My question is whether in convex programming it is allowed to use both inequalities together and use convex programming techniques to solve?
Since you requested a reference I suggest you look into Convex Optimization by Boyd and Vandenberghe. In Section "4.2.1 Convex optimization problems in standard form" you can see that they write $f(x) \leq 0$ for convex $f(x)$, and in the beginning of Chapter 3 you see that convex $f(x)$ really means convex on ${\rm dom}(f)$ which must be a convex domain. So in your example, i.e., $f(x,y) = x^3 - y \leq 0$, you just limit the domain to ${\rm dom}(f) = \mathbb{R}_+ \times \mathbb{R}$.

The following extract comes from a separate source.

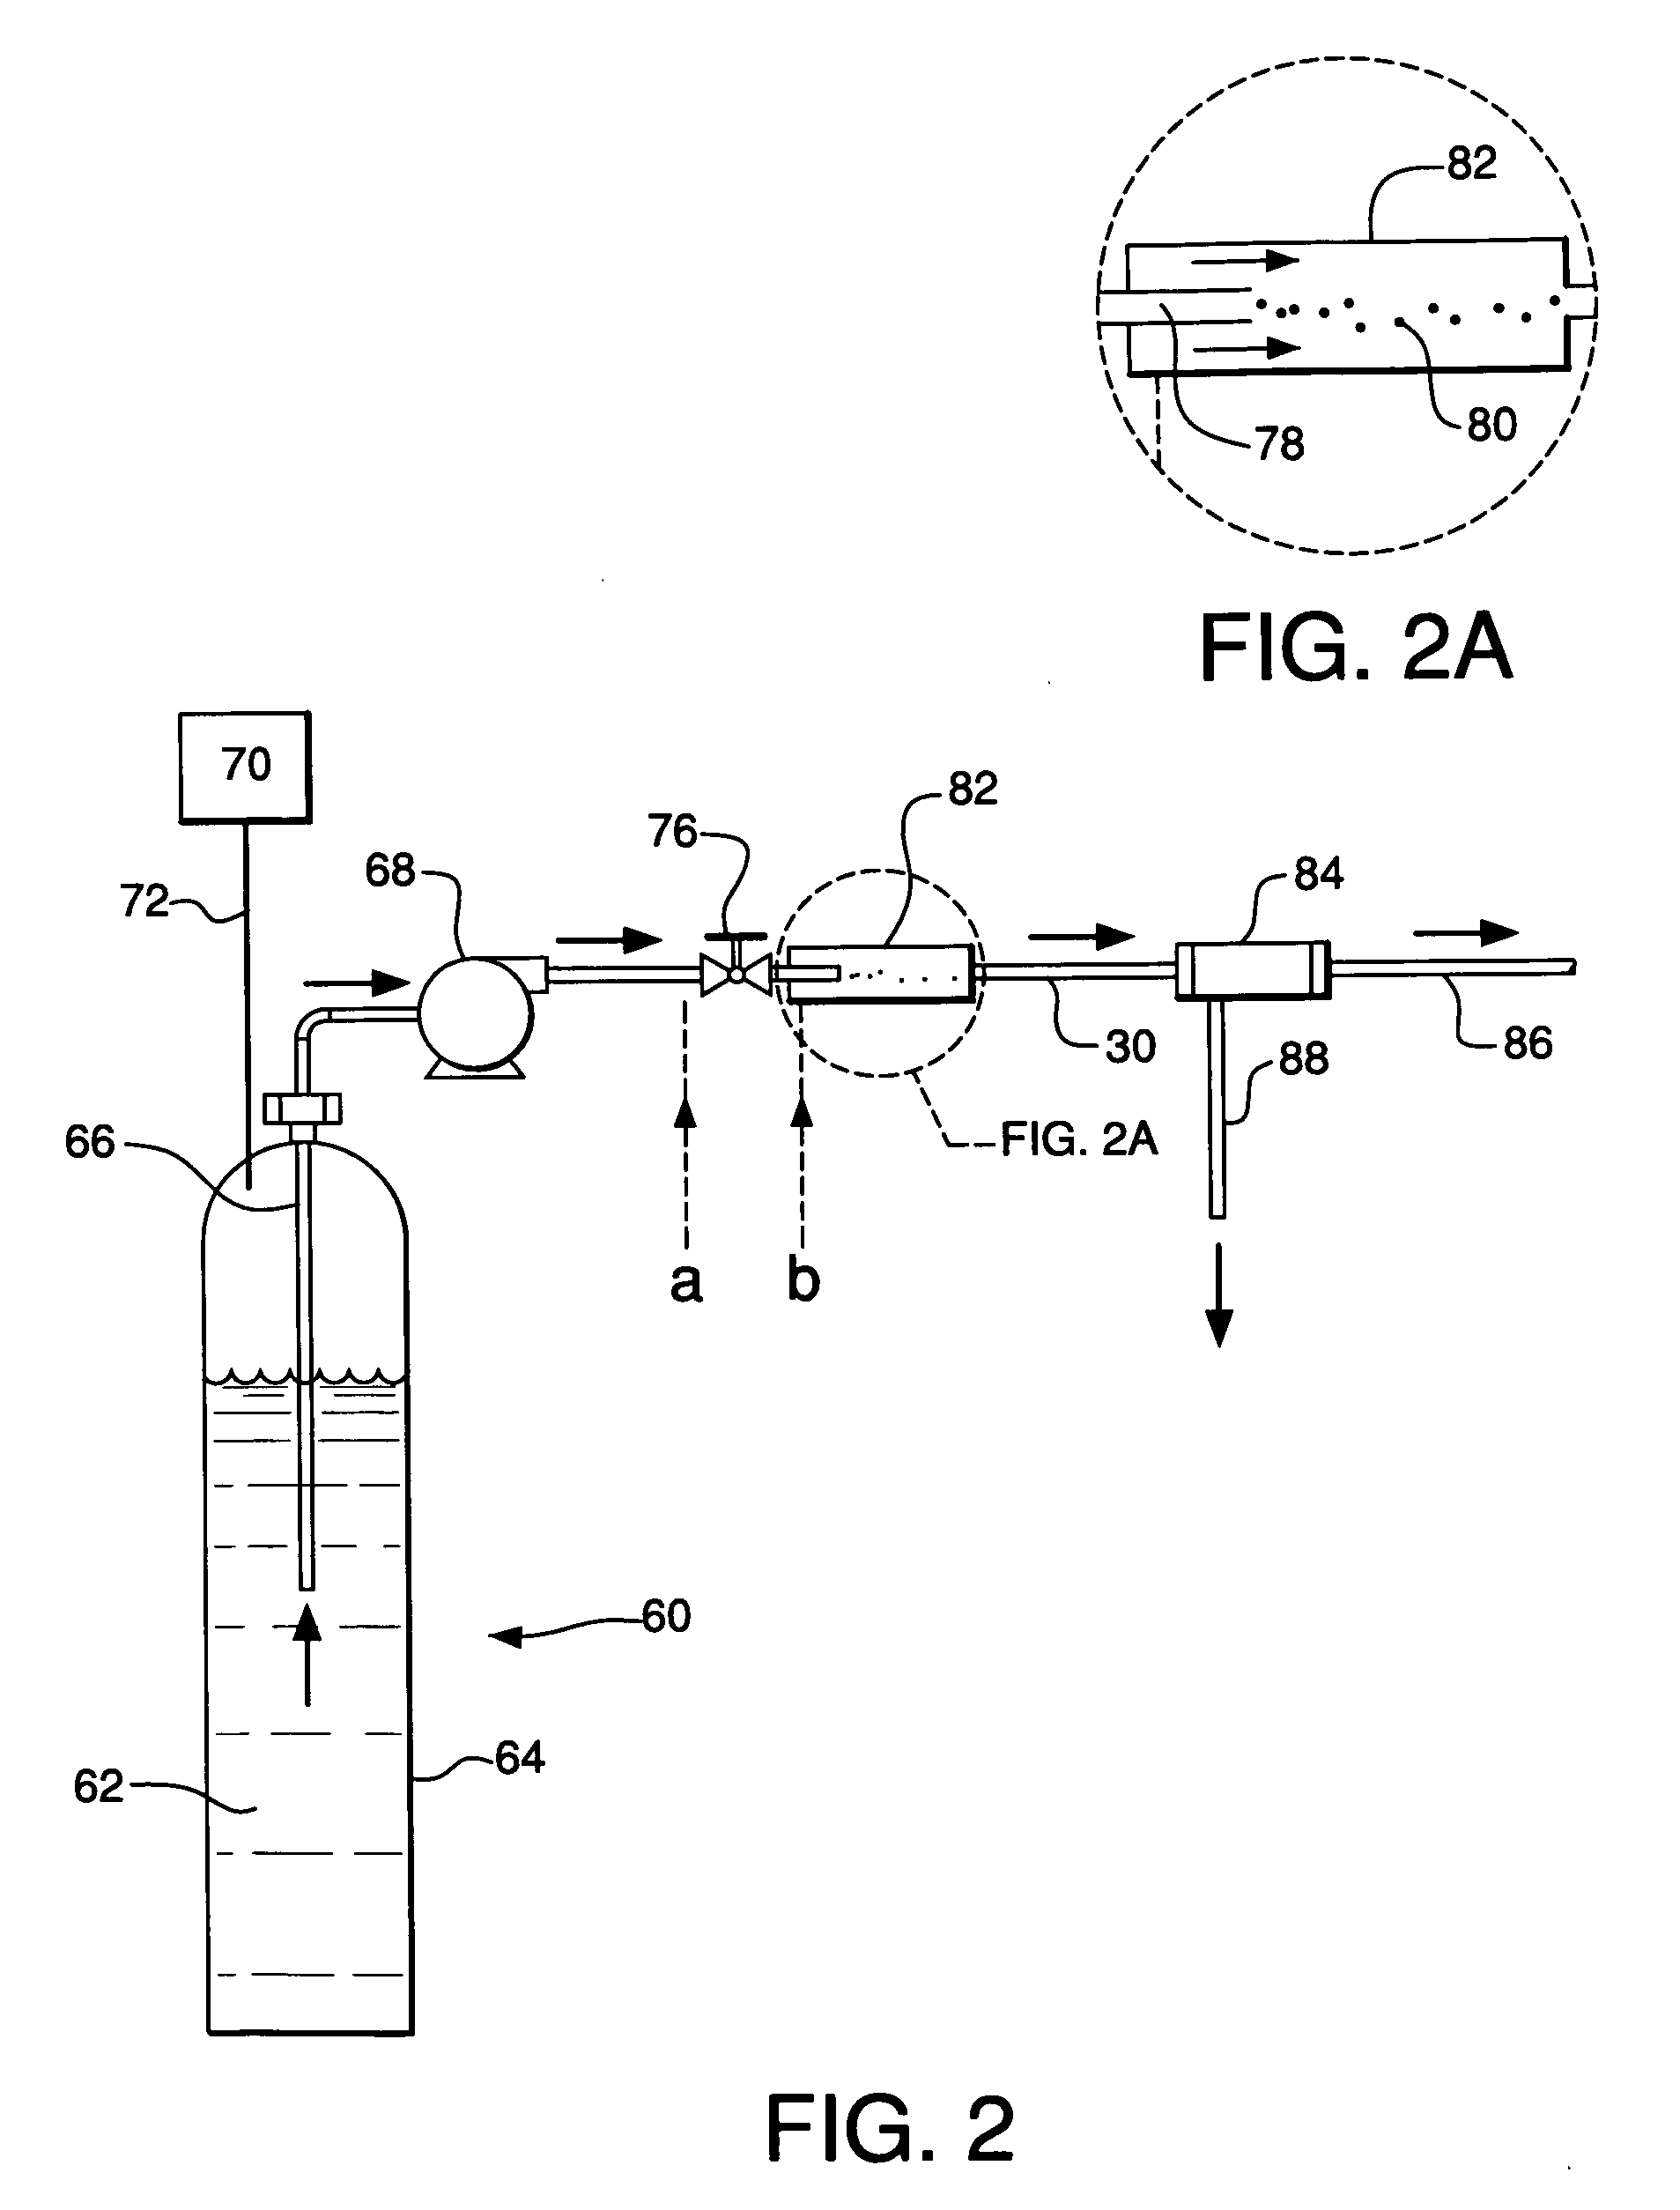 Contact methods for formation of Lewis gas/liquid systems and recovery of Lewis gas therefrom
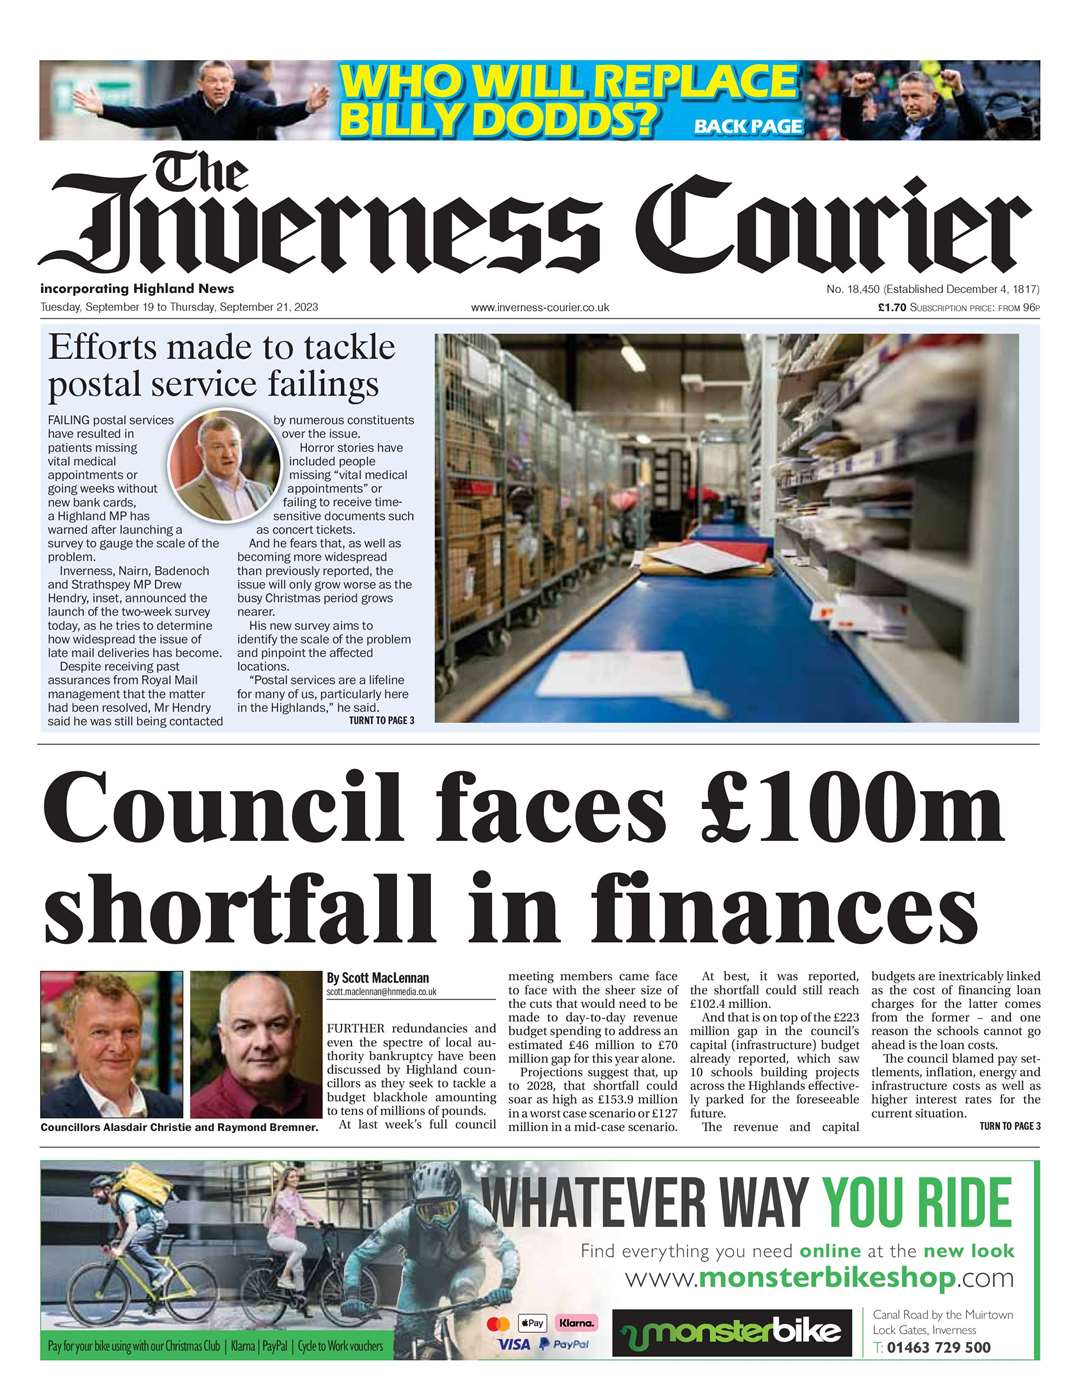 The Inverness Courier, September 19, front page.

In practice I guess it might depend on the algorithm, but back in the days when MOSEK had a general convex programming solver we treated variable bounds (such as $0 \leq 𝑥$) as the domain on which functions were safe to evaluate, and made sure that these bounds were strictly satisfied in every iteration. Similar to Boyd and Vandenberghe, our algorithm only required that constraints were convex and twice differential within those variable bounds.
Note that general convex programming is nowadays almost obsolete as modern conic optimization has proven overall to be faster, better behaved and able to cover most usecases. Your example, $x^3 \leq y$, is equivalent on the domain, $0 \leq x$, to the power cone, $|x| \leq y^{1/3} z^{2/3}$, where $z=1$.